Because I didn’t want to wait until Rob could tape me during daylight hours to get this out to you guys (the lighting in our house at night is hardly ideal for video), I experimented with my webcam. I think for the next one, I’m going to ask Rob to tape me because he did a great job.


  1. Great video! I think Elliott will take the path like Cameron or Ryan did – there are a non-insignificant number of girls being given the name, but the name remains predominately on the boy’s side. Regardless, I encourage anyone who likes Elliott or any other name being used both ways for a boy to use it as such – don’t become part of the problem!

    With your comparison with Aubrey, I’d like to point out a difference – Elliott is like Avery or Rowan for example, which are in style for both genders and rising concurrently on both sides. Aubrey was more like Leslie or Sydney – the name’s peak for boys happened in an earlier generation and was on the decline for boys when becoming more stylish for girls. (I’ve said elsewhere this could work in favor for names like Dana or Kelly to edge maybe ever-so-slightly back to the boys since they’re now in fashion limbo for girls but could sound cool on a boy again to some more daring and style-setting parents.)

    As for your examples of Jason and Michael, while there are probably an extremely small number of females out there with those names, I think their ranking on boys is more due to the phenomenon of SSA gender-coding errors being more prevalent in pre-computer days. (You’ll see that lots of the top-ranking names for both genders of the time appearing in the “wrong” Top 1,000 – that’s because they have enough errors accumulated to do that.) Since about 1990 or so such errors are less common (presumably with computers making them less likely), but you do still see a small (but not enough to crack the Top 1,000) number of for example boys named Sophia and girls named Jacob.

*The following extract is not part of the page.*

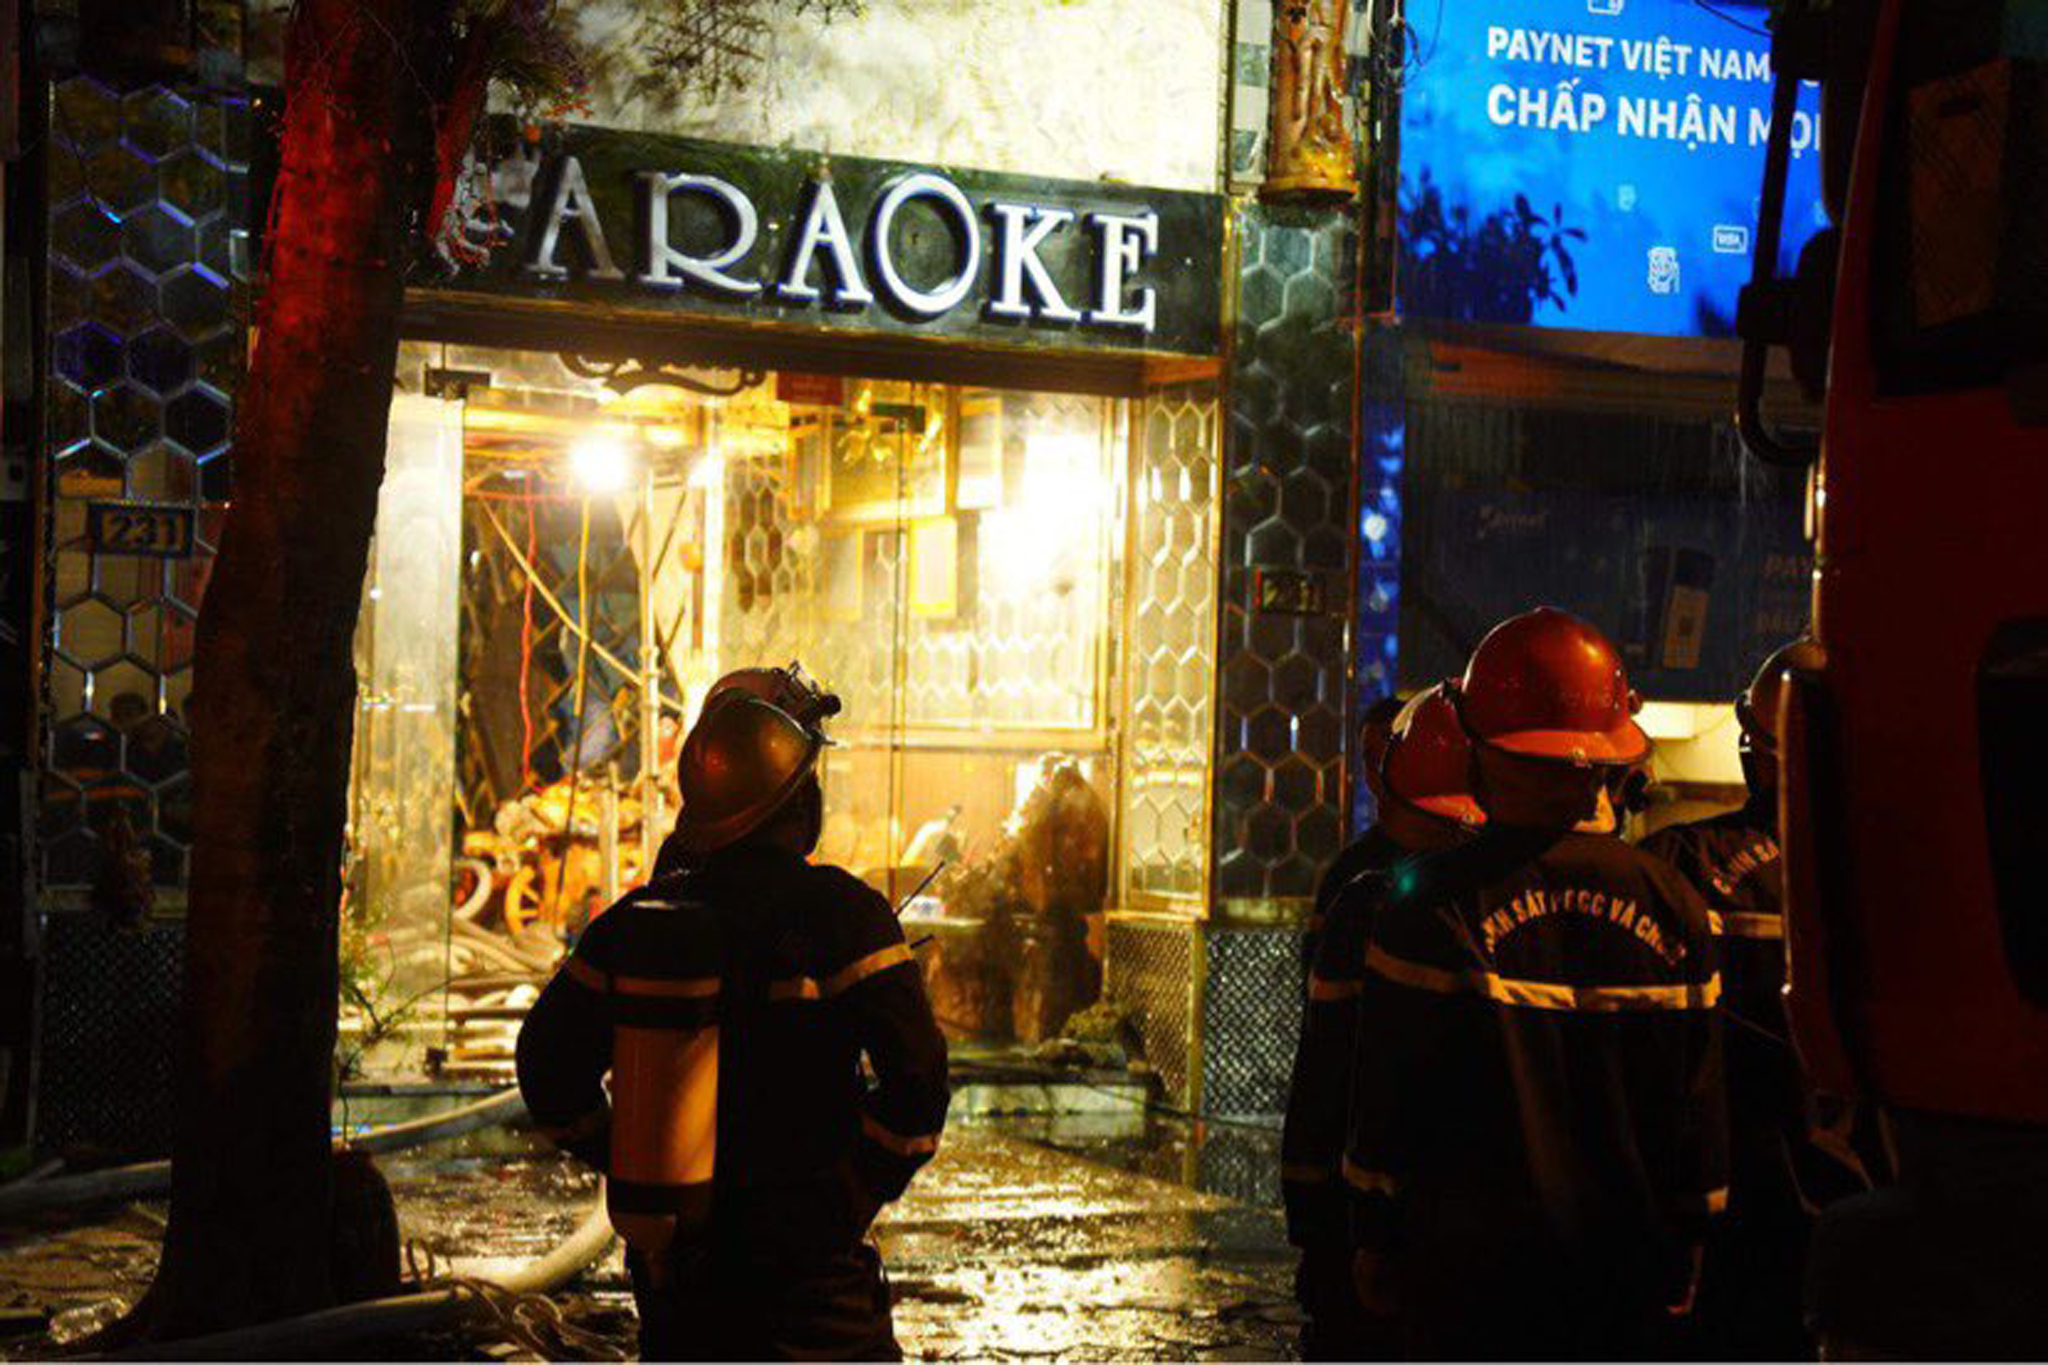 Ngày 1/8, đã xảy ra vụ cháy tại quán karaoke ở phường Quan Hoa, Cầu Giấy, Hà Nội khiến 3 cảnh sát hy sinh khi đang làm nhiệm vụ.

    • Error in the last paragraph: Should be “I think their ranking on GIRLS is more due to…” instead.

    • You raise a good point about SSA errors, and in certain cases, that may inflate the number of girl births for masculine names. Unfortunately I’m not sure how to account for them.

      Rowan is a good example of another name like Avery that is going up in popularity with both genders.

  2. Jennifer R. says:

    Hi Angela! I can’t thank you enough for doing this video and being so thorough. At the end of the day, Elliott is the only name that feels like our son and so Elliott he will be! I am still interested in where this name is headed.

    I never saw the connection between Elliott, Charlotte, and Scarlet but I see how those names being popular may trick the ears into hearing Elliott as feminine. Although it makes ne wonder why not Emmett, Robert, or Garrett. The majority of other names that have gone girl seem to be end in y/ie like Ashley, Aubrey, Avery, Leslie, etc. which I understand in their similarity to endless lists of girls names.

    Thank you again and I can’t wait to watch part 2!

    • You’re welcome Jennifer. And you make a good point about Emmett, Robert, and Garrett. There’s also Wyatt, and I can’t possibly picture that name going girl. That name is as masculine as it gets, IMO. Can’t wait to unveil part 2!

  3. Love the video! I think the comparison to Aubrey is very apt and a bit disconcerting for the letter writer because Aubrey and Elliott both have sound elements that are huge for girls now–the Bree sound and the Ellie sound. I also think that, when combined, alternate spellings on girls could make a bigger difference in overall perception of the name. I know a preschool aged Elliette, who goes exclusively by Ellie. If the LW can wait on making a final decision until after the 2013 SSA data comes out in May, that will give a better picture of the overall trajectory of Elliott and all alternate spellings.

    • Thanks Katybug. You raise a good point about the combined spelling, something I was going to touch upon again in part 2. There may be other male qualities to counter-act the combined spelling though. I don’t want to give too much away.

  4. Such an interesting and concerning topic! When is part 2?

  5. Great post! I was also worried about this, but happy to have a little boy named Elliott!

  6. My husband’s grandmother born in 1887 was named Elliott Odessa. Now my daughter is planning on naming her baby girl Elliott also. Glad to hear it’s becoming more popular.